Вы сказали, что умерли бы, если бы не вернулись в литературу.

Не то что я перестала писать в первые годы эмиграции - это все равно что я перестала бы дышать. Писать бы я, конечно, писала. Я работала, служила где-то, но невозможность полностью посвятить себя литературной работе была нестерпима. Особенно невыносимо, когда твои книги не доходят до большого читателя. Лишь в 2003 году в издательстве "Эксмо" мои книги стали издаваться в том масштабе, в каком издаются сегодня.

А когда вам в Израиле в первое время приходилось мыть чужие квартиры, вы в это время писали?

Конечно. Писатель ведь постоянно находится в поисках экстремальных поворотов сюжета. И когда в собственной, вполне благополучной жизни появляется такой разворот событий, писатель вцепляется в сюжет и использует его на полную катушку. Да, я зарабатывала уборкой квартир, потому что надо было кормить детей. Но довольно скоро нашла работу - сначала в небольшом издательстве, потом в русской газете, где проработала несколько лет. В газетной работе много поучительного, много и забавного. На исторической родине советские пенсионеры стали дружно писать воспоминания. Каждую неделю мне приносили какую-нибудь рукописную повесть о жизни. Потом авторы звонили, требовали ответа: опубликуют гениальный опус или нет. Однажды у нас раздался телефонный звонок, и очень знакомый голос спросил: "Могу ли я поговорить с Диной Рубиной?" И я, в ужасе, что очередной пенсионер на прошлой неделе сдал мне свою повесть о юности на харьковском тракторном заводе, а я ее не прочла, осторожно так отвечаю: "Да, это я, с кем имею честь?" "Вас беспокоит Зиновий Ефимович Гердт. Я тут гуляю неподалеку от вашей редакции, хотел бы зайти познакомиться". Я от потрясения чуть концы не отдала. Гердт, великий Гердт, представляете?! Оказывается, он прочитал в "Новом мире" ту самую повесть "Во вратах твоих", и она ему понравилась настолько, что он вдохновился сыграть одного из ее персонажей - такого старика, что бродит повсюду с веревочной советской авоськой и кричит всем: "Я папа Левы Рубинчика!". На следующий день мы с Зиновием Ефимовичем и с женой его Татьяной Александровной гуляли по Иерусалиму, он то и дело бил меня кулаком по спине и кричал: "Дина, я папа Левы Рубинчика!". Затем прошла еще пара лет, Россия стала открыта и близка, да и вообще мир раскрыл окна и двери, жить стало веселее.

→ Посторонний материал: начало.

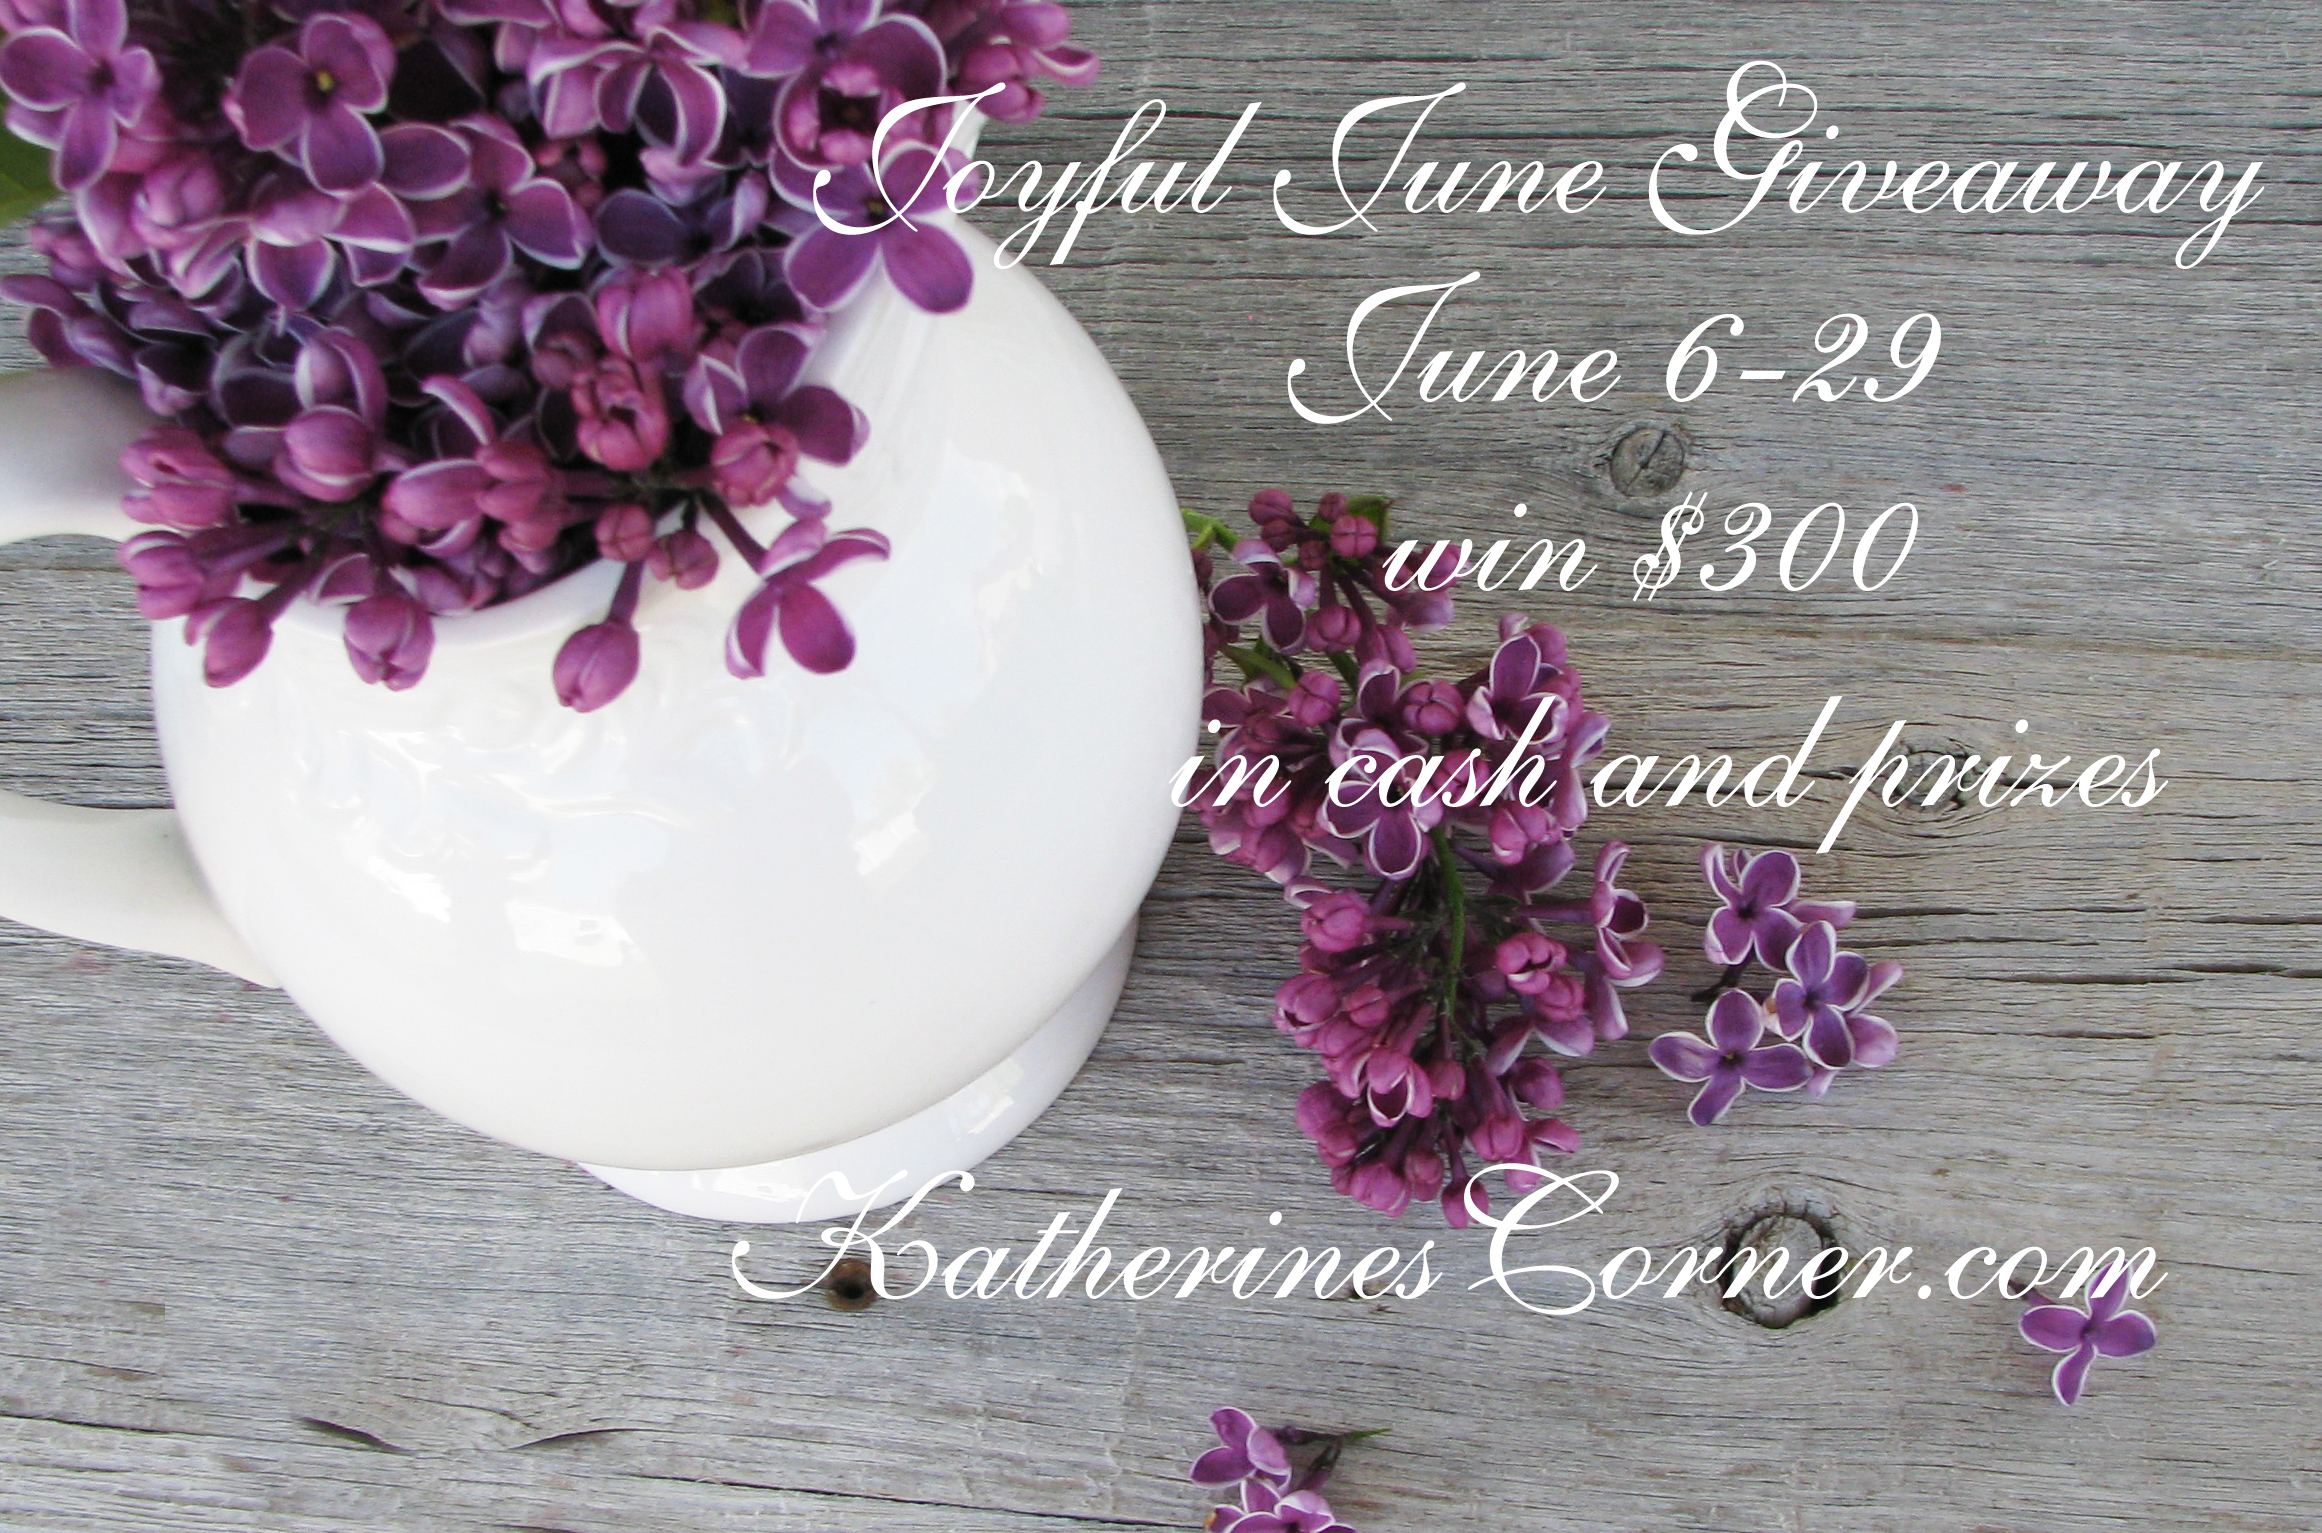 Joyful June Giveaway

Говорят, что эмиграция - один из лучших экзистенциальных опытов, который может пережить человек. Правда ли это и что этот опыт дал вам как писателю?

Я думаю, что эмиграция - всегда страшная драма. Рвется все - сердце, связи, воспоминания; сама твоя личность проходит великую ломку. Это если мы говорим о подлинной эмиграции, а не о сегодняшней прогулке, когда люди на всякий случай, желая получить паспорт Израиля, просто приезжают и живут в стране в свое удовольствие пару месяцев, потом уезжают… Нет, эмиграция - это полная смена всех парадигм: поведенческих, мировоззренческих, собственных представлений о том, "что такое хорошо и что такое плохо", как надо вести себя в той или иной ситуации. Все, в чем ты вырос и в чем уверен, сметается напрочь. Потому как "там" все совершенно иначе. Для этого вы должны представить, какими были тяжкие годы в конце 80-х; эмоционально тяжкие - черт с ней, с колбасой, с картошкой, а вот удушающая атмосфера неприятия, ксенофобии… Плохо тебе на твоей неудачливой родине, душевно плохо, и детям твоим плохо, и ты хочешь переместить их, детей, куда-то в более приветливые, более солнечные пространства. Так тебе кажется - в духоте, в слякоти. Понимаете? Тут ведь именно дети - болевая точка, это под их ноги бросаешь наотмашь свою жизнь, молодость, профессию - все. Сдуру.

Почему сдуру?

Потому что любая эмиграция - это клиническая смерть, абсолютное отключение от того, чем ты жил и что знал. В 90-м году ты вдруг оказываешься среди желто-пепельных скал и не понимаешь, что это такое, - это красиво? так правильно? так нужно? это и есть жизнь? - ибо никогда не бывала за границей и не натренирована воспринимать другое как просто другое, а не как обвал и ужас. Где бы я ни оказалась сейчас, в шатре бедуина или в Версале, я воспринимаю новую реальность с гораздо более развитой мускулатурой представления, воображения и понимания того, насколько мир разный. А тогда я была советским человеком, который вдруг оказался в совершенно ином пространстве: языковом, поведенческом, визуально кардинально другом. Сравните это с погружением с головой в ледяную прорубь - это и будет впечатление об эмиграции. А потом вас выносит наружу, припекает солнце, у вас начинает гореть кожа… Вам даже приятно.

Закалка опять же?

Да, закалка. Израиль - это же не Финляндия, не Швеция, не Дания. Это очень бурная, яркая гротесковая, трагифарсовая страна, неожиданная страна. Многообразная, многочеловеческая. Количество типажей здесь просто зашкаливает. Израиль для меня, в моей жизни, мог сравниться только с Ташкентом, и это вдруг оказалось мне как-то… впору. Я стала приглядываться, присматриваться и очнулась, когда кислород достиг легких.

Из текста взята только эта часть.